A swathe of new techniques is being used to identify proteins, protein interactions, protein metabolism, and posttranslational modification using a variety of platforms, both new and old. However, for every article demonstrating a new and clinically relevant biomarker such as PSA, CA-125, or β-HCG, there are probably at least 10,000 articles containing negative results or positive results that are either not reproducible or of no clinical value.
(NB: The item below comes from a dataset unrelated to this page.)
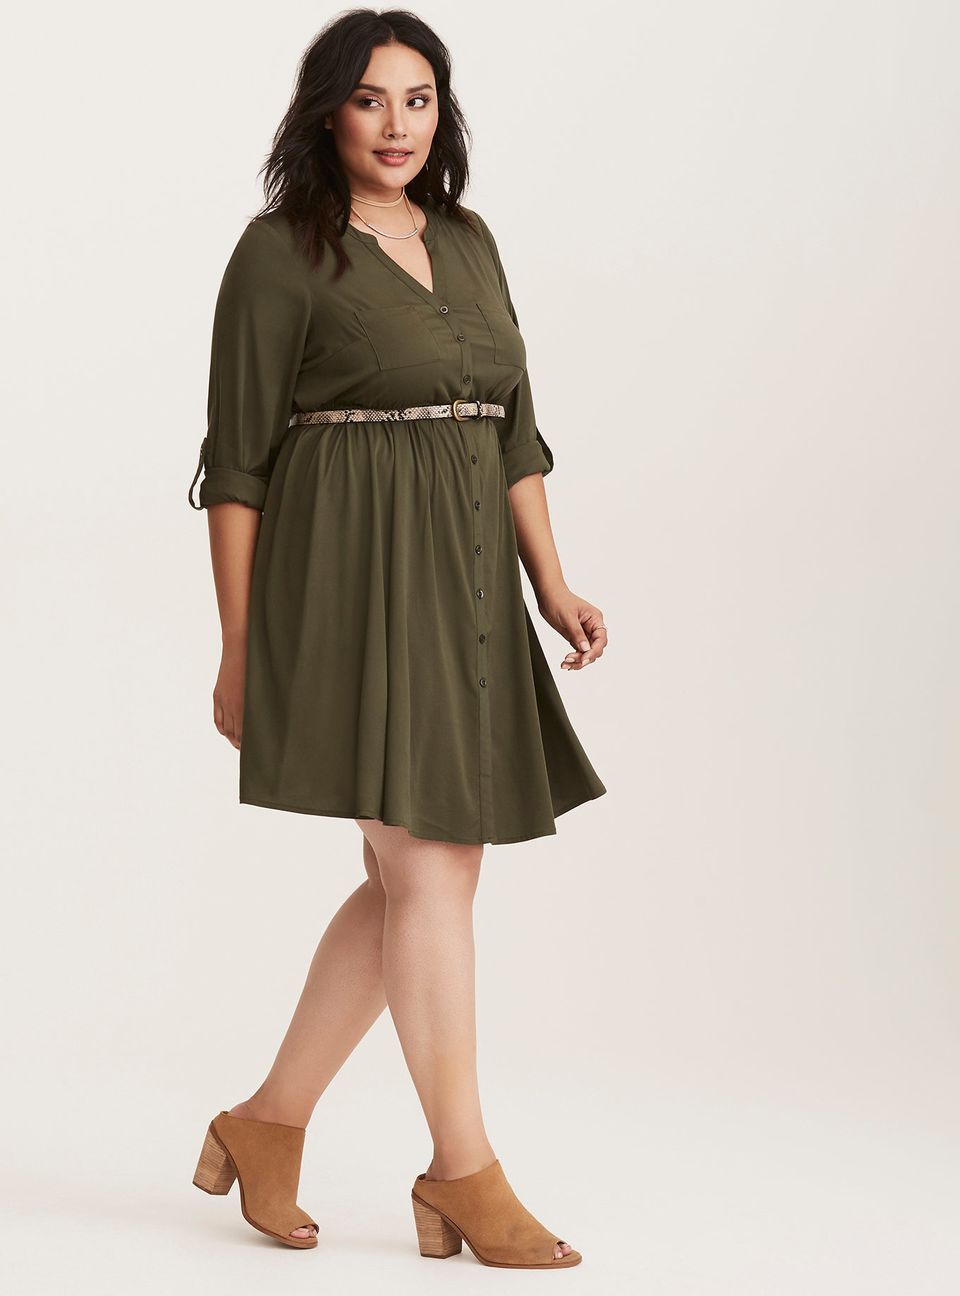 Sassy Set Olive -   Plus size fashion, Curvy size fashion, Fall  fashion outfits

Prostate Cancer Protoemics—The Future

There is flurry of activity related to the detection of sarcosine in urine for prostate cancer diagnosis. Using various types of sample, Sreekumar et al. (2009) demonstrated that sarcosine levels increased greatly during prostate cancer progression to metastasis and that sarcosine can be detected and measured in urine samples. As is typical in the biomarker field, the first independent study attempting to replicate this finding failed, concluding that sarcosine levels in urine are not diagnostic or associated with stage or grade of prostate cancer (Jentzmik et al., 2010). As is also typical in the biomarker field, the two studies are not directly comparable due to differences in a number of variables such as the assay methodology and the cohort of patients, and therefore further studies will be needed to resolve the contradictions. In the biomarker field, it seems that hype, hope, and optimism are essential prerequisites, but the grim truth is almost but not total universal disappointment when attempts are made to replicate positive results with claims of clinical benefit.

Eventually further markers for prostate cancer will be identified. They will be small in number and help to answer specific clinical questions relating to the management of the patients. These markers will be analyzed individually or in small groups using various methodologies developed by clinical biochemists and will contribute to a higher standard of care for men with prostate cancer.